Plotkin Marutani & Kaufman and Jay J. Plotkin for Defendant and Respondent.

_________________________

This is an appeal from an action originally begun in 2017 by plaintiff Alice Jackson, who sought partition by sale of a five-unit residential rental property in Inglewood in which she owned a 50 percent interest. Defendant Suzanne Chandler owned the remaining 50 percent interest. Ultimately, in January 2021, the trial court ordered Chandler and Jackson’s successor-in-interest Frida Dilonell (appellant) to accept an offer of $1.050 million for the property from a third party.

Appellant appeals from the trial court’s January 25 and 26, 2021, orders determining the third party offer to be the highest offer and ordering appellant to accept the offer. She contends the trial court abused its discretion in ordering the sale of the property to a third party when she submitted a higher but technically non-compliant offer. We affirm the trial court’s orders.

BACKGROUND

Although this action began in 2017, the dispute between the two owners of the property dates back to 2016, when appellant Dilonell first attempted to buy the property. Prior to that time, Jackson and Chandler had, for decades, shared ownership of the property at 703 Walnut Street without any apparent disagreements. They managed the property together until 2013, when they both signed a written agreement with MGConnection Premier Real Estate Services, a management and real estate company, to manage the property. Gail Anderson acted as the manager for MGConnection. In 2016, disputes arose between Jackson and Chandler over the management of the property, including payment of taxes and maintenance of the buildings.

In May 2016, after Chandler’s mother died, Anderson suggested to Chandler that she sell the property. Anderson told Chandler that if she did not agree to sell, it was likely Jackson would file a partition action and force a sale. Anderson told Chandler the property was worth about $800,000, and Chandler agreed that Anderson could try to sell it.[1]

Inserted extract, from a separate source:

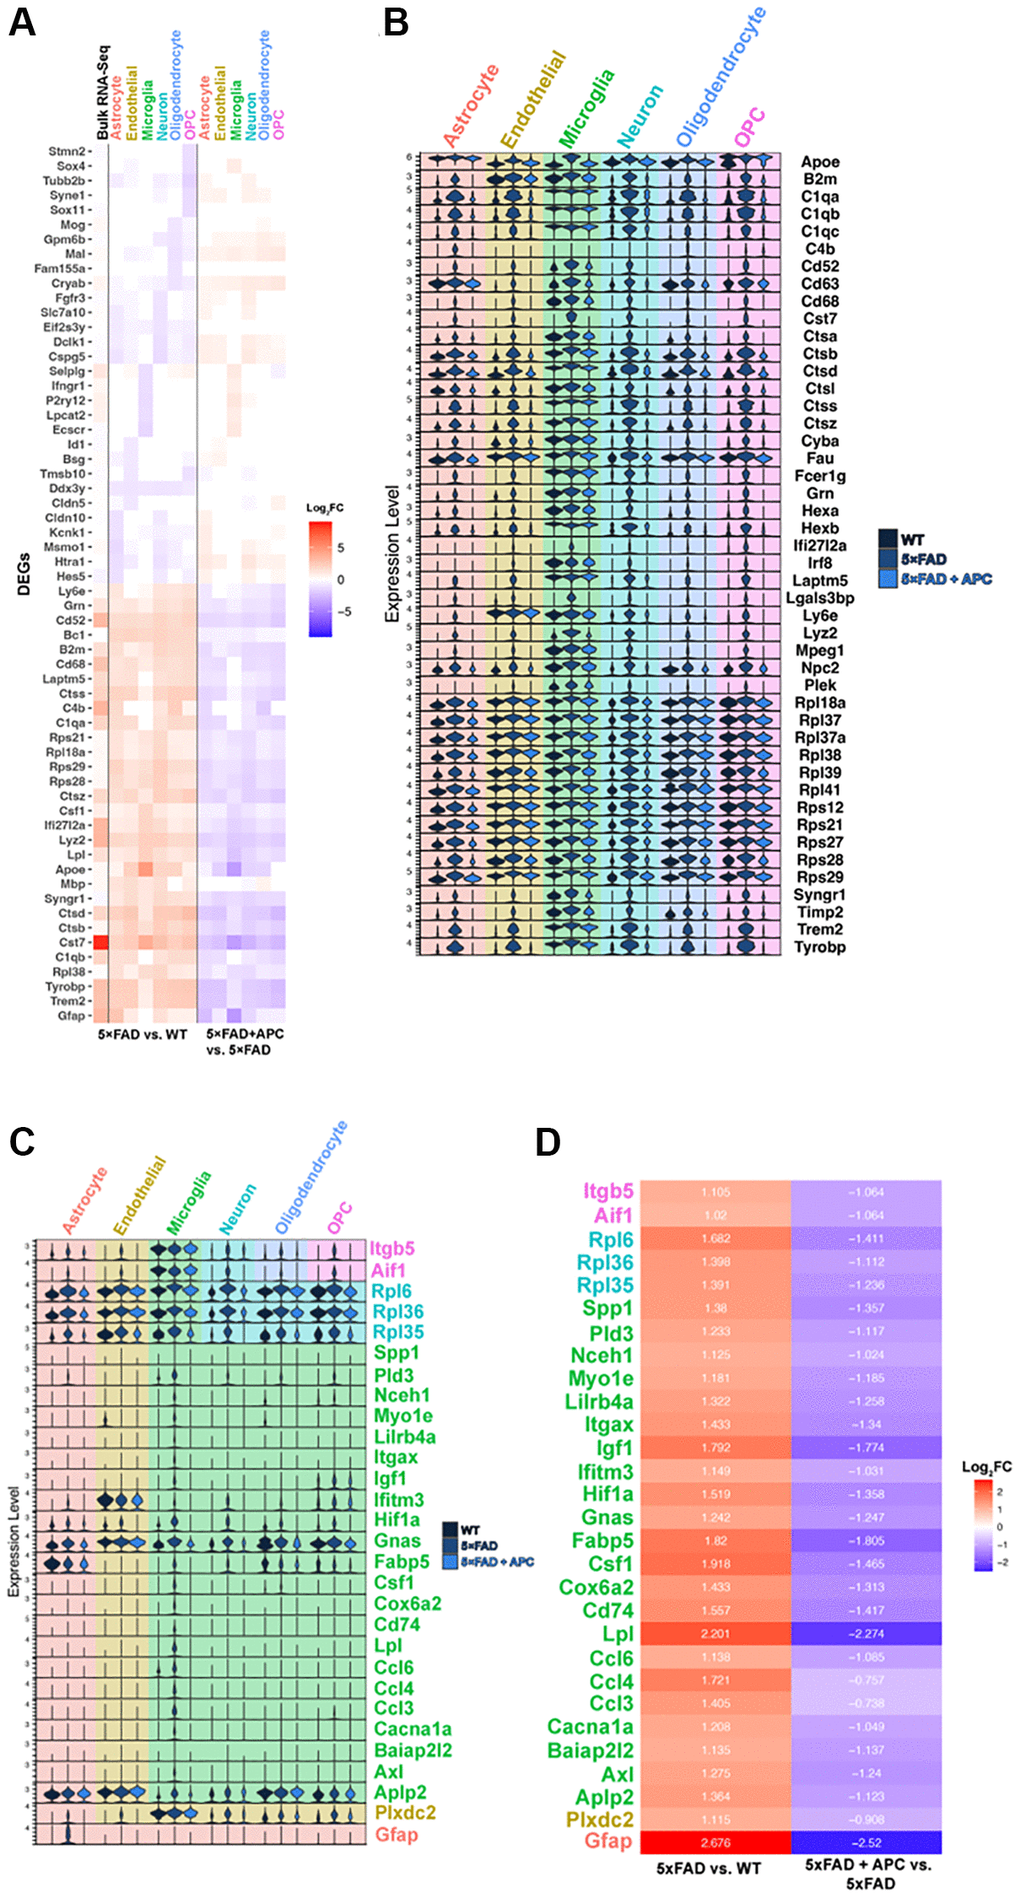 (A) Top 5 most significant DEGs (p-value = 0) per cell type in 5xFAD versus WT (left) and corresponding expression with APC-treatment (right). Bulk RNA-seq shown in column furthest left (6-month 5xFAD vs. WT). (B) Stacked violin plot of the top global DEGs (p-value C) Stacked violin plot of unique DEGS highly differentiated within a particular cell-type. (D) Corresponding heatmap of unique DEGs highly differentiated in a particular cell-type (Figure 2C) plotted with Log2FC value in that cell-type. 5xFAD versus WT (left), 5xFAD + APC versus 5xFAD (right).

Anderson received a number of offers below $800,000. On May 12, 2016, Anderson told Chandler she had received a full price offer for the property. This offer was from appellant Dilonell. Chandler wanted to review the offer, but Anderson told her there was not enough time and they would lose the offer if it was not accepted. Anderson stated she would just sign Chandler’s name, and Chandler, due to Anderson’s pressure, agreed. On May 14, 2016 Anderson told Chandler to send a voice mail authorizing Anderson to sign Chandler’s name. Chandler left the voice mail as directed by Anderson, but believed that she was only authorizing Anderson to start the sale process, and that there was no final agreement. It is undisputed Chandler did not sign any documents, and did not give Anderson written authorization to sign on her behalf.

On May 20, 2016 Anderson told Chandler the deal had gone through. Chandler objected, but Anderson told her she could not get out of the sale. On May 27, 2016, Chandler wrote to Anderson and told her she was canceling the transaction and terminating Anderson as property manager.

Appellant Dilonell then brought an action against Chandler seeking, among other things, to compel arbitration of the dispute over the failed transaction. In February 2017, the trial court found Chandler did not enter into the purchase agreement because she did not give Anderson signed, written authority to sell the property on her behalf. Without a valid purchase agreement, there was no agreement to arbitrate. The court entered a judgment of dismissal in March 2017.[2]

In September 2017, Jackson brought this action, alleging causes of action for quiet title, partition by sale, slander of title, breach of fiduciary duty, unfair business practices, intentional interference with contractual relations and prospective economic advantage, conversion, money had and received, elder financial abuse, intentional infliction of emotional distress and injunctive and declaratory relief. Her stated purpose in filing the partition cause of action was to compel the sale of the property.

In early 2018, Jackson allegedly transferred her interest in the property to appellant Dilonell and assigned to her the right to this action.[3] In June 2018, appellant Dilonell was substituted in as plaintiff. It is undisputed appellant wanted to buy Chandler’s interest in the property. Appellant had obtained an appraisal of the property at $960,000 and sought to buy Chandler’s interest at the appraised value. Chandler brought two motions to have a partition referee appointed to list and sell the property. Chandler was concerned that a sale price based on an appraisal alone would not reflect the property’s true value, which she believed to be about $1.5 million.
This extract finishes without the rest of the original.